6. The date, when by Statute accordingly this revenue was considered in arrear, was the 1st July 1902. At what date was default made in paying that arrear of revenue, so as to entitle a sale of the estate to be made? This, which appears to their Lordships to be the real question in the case, is clearly answered by the Act of 1859 itself and by the notification which followed thereon. By Section 3 of the Act, 'The Board of Revenue at Calcutta shall determine upon what dates all arrears of revenue and all demands which by the Regulations and Acts in force are directed to be realised in the same manner as arrears of revenue, shall be paid up in each district under their jurisdiction, in default of which payment the estates in arrear in those districts, except as hereinafter provided, shall be sold at public auction to the highest bidder.' In compliance with this section, the Board of Revenue on the 6th October 1871 made and duly published a notification that it:-
Has determined and fixed the 28th June of each respective year as the latest date of payment of the rents of all description of tenures in Khas Mahal Pancbannagram, in default of which payment on or previous to that date, tenures in arrears in that Mahal will be sold at public auction to the highest bidder.
7. Bearing in mind that the whole provisions with regard to sales are, in the language of Lord Watson, 'framed upon the express footing that they are to be applicable to the sale of estates which are in arrear of duty,' and that this tenure could not be considered in arrear until the 1st July 1902, it appears fairly clear that the 28th June, 1903, is the first date under the proclamation and the Statute when there has arisen such a default as would enable that ' tenure in arrears' to be sold. It so happens that the payment in the present case is not a monthly, but an annual payment, and it further happens that the payment fell to be made on the 28th June 1902. The Statute having by plain implication forbidden the estate to be considered in arrear until the 1st July, it appears to follow that the date fixed as that on which tenures in arrear will be sold must be the succeeding 28th June, namely, in the year 1903. This estate, however, was sold in the previous month of March, and their Lordships agree with the view of the Subordinate Judge in thinking that the sale is accordingly invalid. In the language of the learned Judge :-
The Board of Revenue are required, under Section 3 of the Act, to determine on what date arrears of revenue shall be paid up, in default of which payment the estates in arrear shall be sold at public auction.

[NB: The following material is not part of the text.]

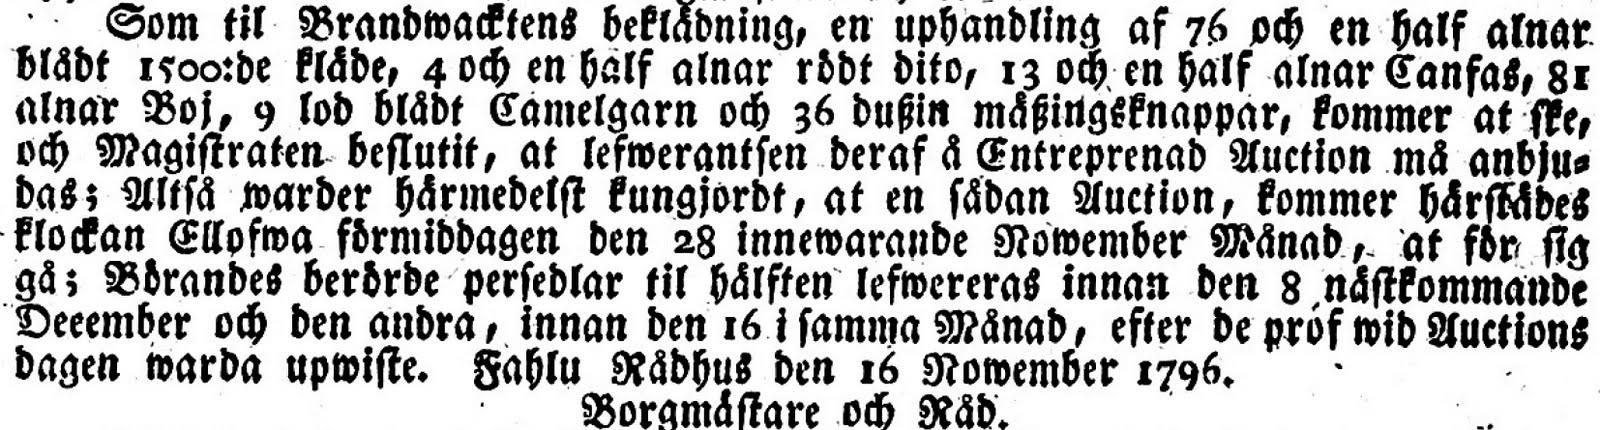 Fahlu weckoblad 1796

8. Their Lordships agree with the view that the notification must, having regard to this section of the Statute which authorised it, be applied to the present estate as fixing the 28th June 1903 as the date on which, if the arrears are not paid up, the estate can be sold. If, in cases such as the present, this holds up the power of sale until nearly a year's revenue stands in arrear, that matter, including the question whether more than one date for payment of arrears should be set up as periods of default, is one for the consideration of the Legislature and the Board of Revenue.
9. Their Lordships will humbly advise His Majesty that the appeals should be allowed, the judgments and decrees of the High Court reversed, and those of the Subordinate Judge restored, the costs of the suit and of the appeal being borne by the respondent.